Contrary To Conventional Wisdom, Some Virusoids Do Produce Proteins

(Posted on Saturday, April 22, 2023)

It’s axiomatic in reviews of virusoids that they are small circular RNAs that do not encode any proteins. Studies with the virusoid known as small circular satellite of rice yellow mottle virus (scRYMV) challenge this notion: not only does the virusoid produce proteins from its positive (+) strand RNA, it may also produce proteins from its negative (-) strand RNA, which is used as a template during replication. This opens the much broader possibility that other virusoids produce peptides and proteins of varying descriptions. As we shall soon see, that is certainly true of the virusoid most directly involved in human disease, the hepatitis delta virusoid.

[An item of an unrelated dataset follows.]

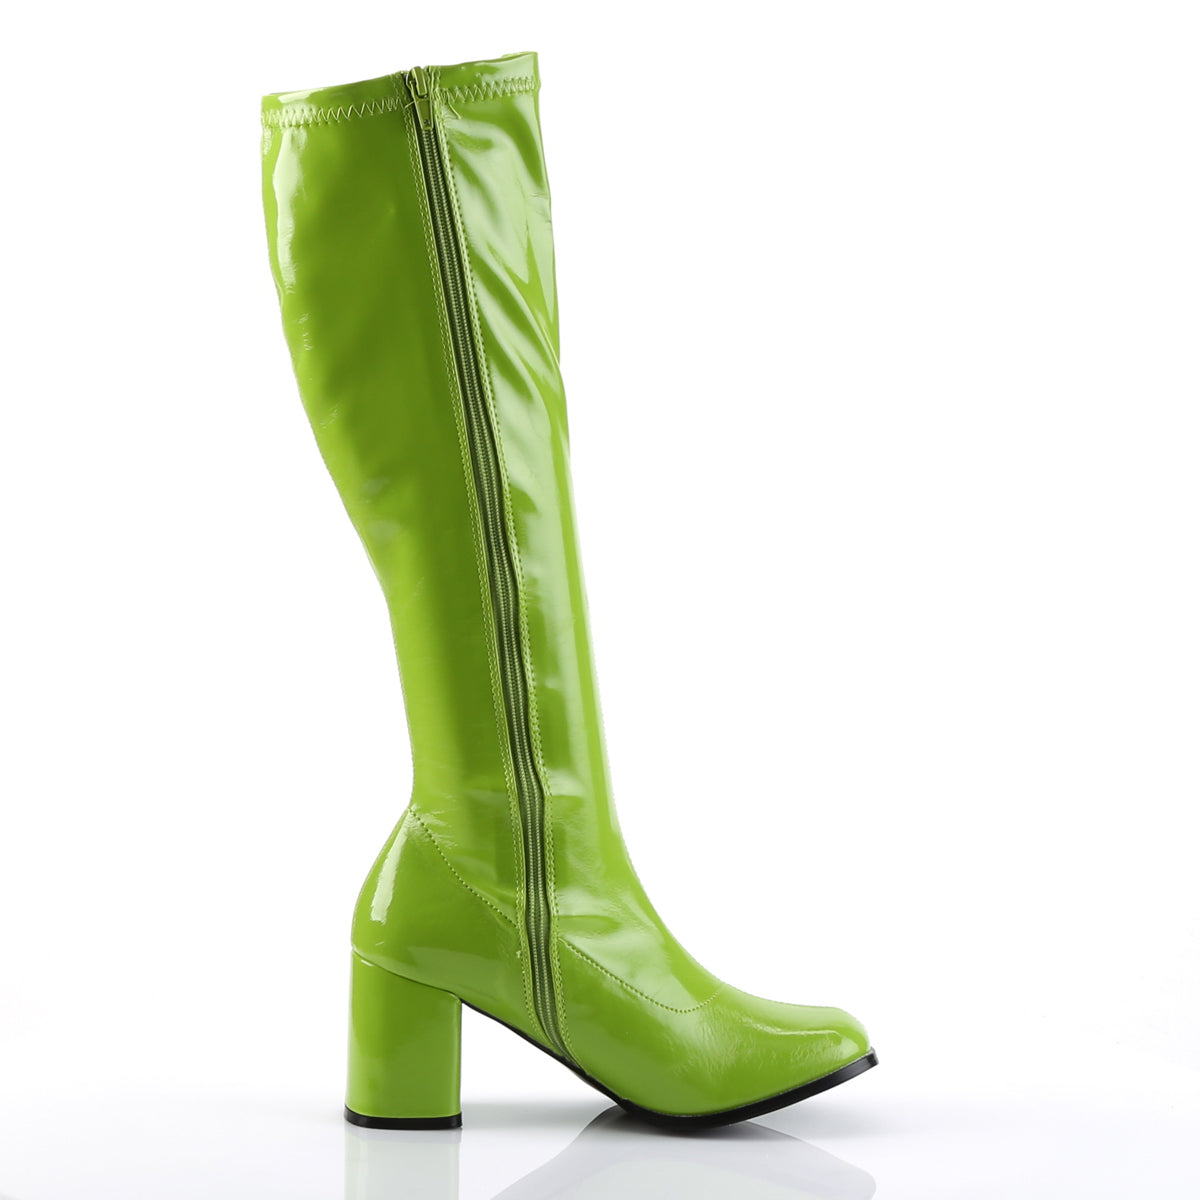 GOGO-300 3 Inch Heel Lime Green Women's Boots Funtasma Costume Shoes Fancy Dress

Viroids & Virusoids: What are they?

Viroids and virusoids are some of the smallest transmissible pathogens discovered thus far. They are tiny strands of circular RNA roughly between 220 and 450 nucleotides long — for reference, SARS-CoV-2 clocks in at 30,000 nucleotides. What sets the two apart is the fact that virusoids require a helper virus to infect and replicate, whereas viroids do not. Helper viruses also provide virusoids with a protein coat, which helps keep them safe and facilitates entry into host cells. Some viroids and most virusoids have the unusual feature that their RNA includes a section that has catalytic activity, known as a ribozyme. Essentially, it is RNA that, instead of encoding a protein to do a job, does that job itself. In the case of viroids and virusoids, the ribozymes help cleave and occasionally rejoin the circular RNA genomes during replication.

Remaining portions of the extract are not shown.